The Composer security team proactively scanned Packagist.org and found no evidence of exploitation attempts using malicious Perforce metadata. As a preventive measure, publication of Perforce source metadata on Packagist.org has been turned off since April 10th, 2026.
Similarly, a scan of Private Packagist found no exploitation attempts. The Perforce VCS driver has been disabled on Private Packagist since April 10th, 2026. Private Packagist Self-Hosted customers should watch for an upcoming release announcement that includes verification steps to ensure no malicious metadata is present in their installation.
Why This Matters for PHP Developers
Command injection vulnerabilities in package managers are particularly dangerous because they sit at the intersection of developer trust and automated tooling. Developers routinely run composer install as part of CI/CD pipelines, onboarding scripts, and local workflows, often without scrutinizing every repository or package source.
A supply chain attack exploiting CVE-2026-40261 requires minimal effort from an attacker and can silently compromise developer machines, CI runners, and the production build environment.
The Composer team acted responsibly by coordinating disclosure, issuing fixes simultaneously across both supported release branches, and proactively turning off the vulnerable feature on hosted package platforms before public announcement.
Frequently Asked Questions
Q1: Do I need Perforce installed to be vulnerable? No Composer attempts to execute the constructed shell commands regardless of whether Perforce is installed on your system.
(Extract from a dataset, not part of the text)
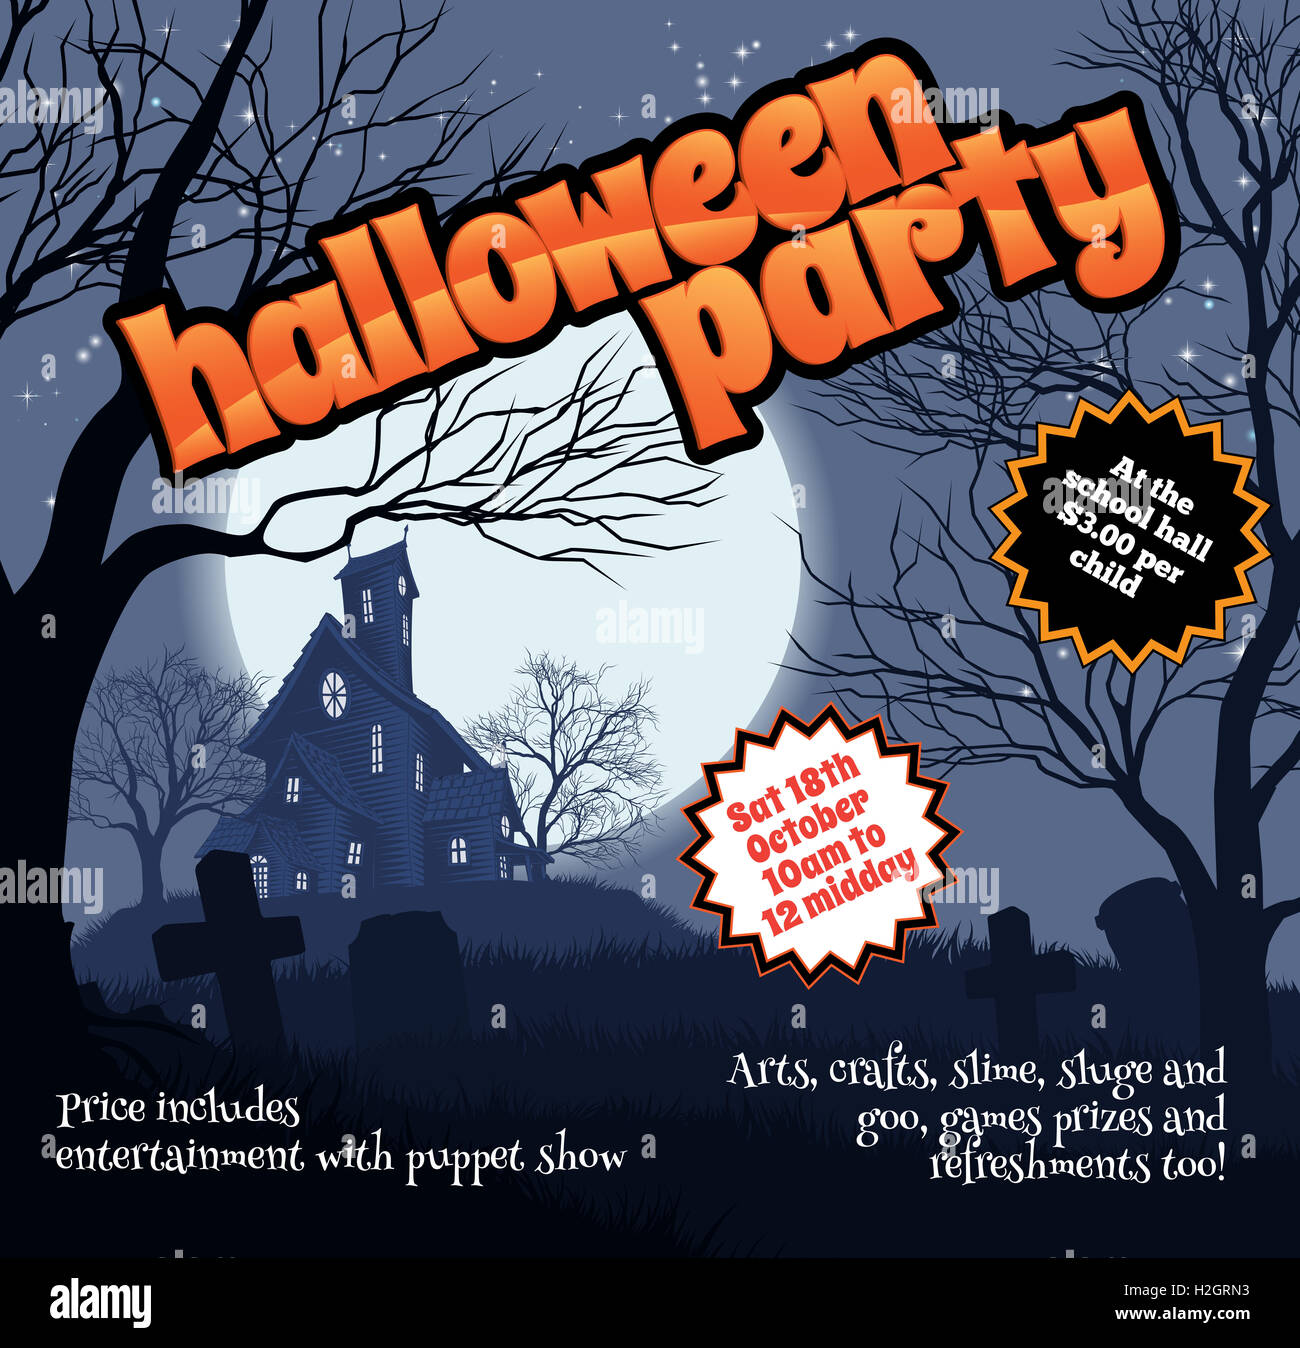 Une Halloween party flyer notice avec une maison hantée fantasmagorique et cimetière Banque D'Images

Q2: Can these vulnerabilities be triggered through a dependency’s composer.json? CVE-2026-40176 cannot be exploited, but CVE-2026-40261 can be exploited through malicious package metadata served by any compromised or untrusted Composer repository.
Q3: What is the fastest way to patch these vulnerabilities? Run composer.phar self-update immediately to upgrade to version 2.9.6 (mainline) or 2.2.27 (LTS).
Q4: Has either vulnerability been actively exploited in the wild? As of the disclosure date, the Composer team has confirmed no known exploitation of either CVE before publication.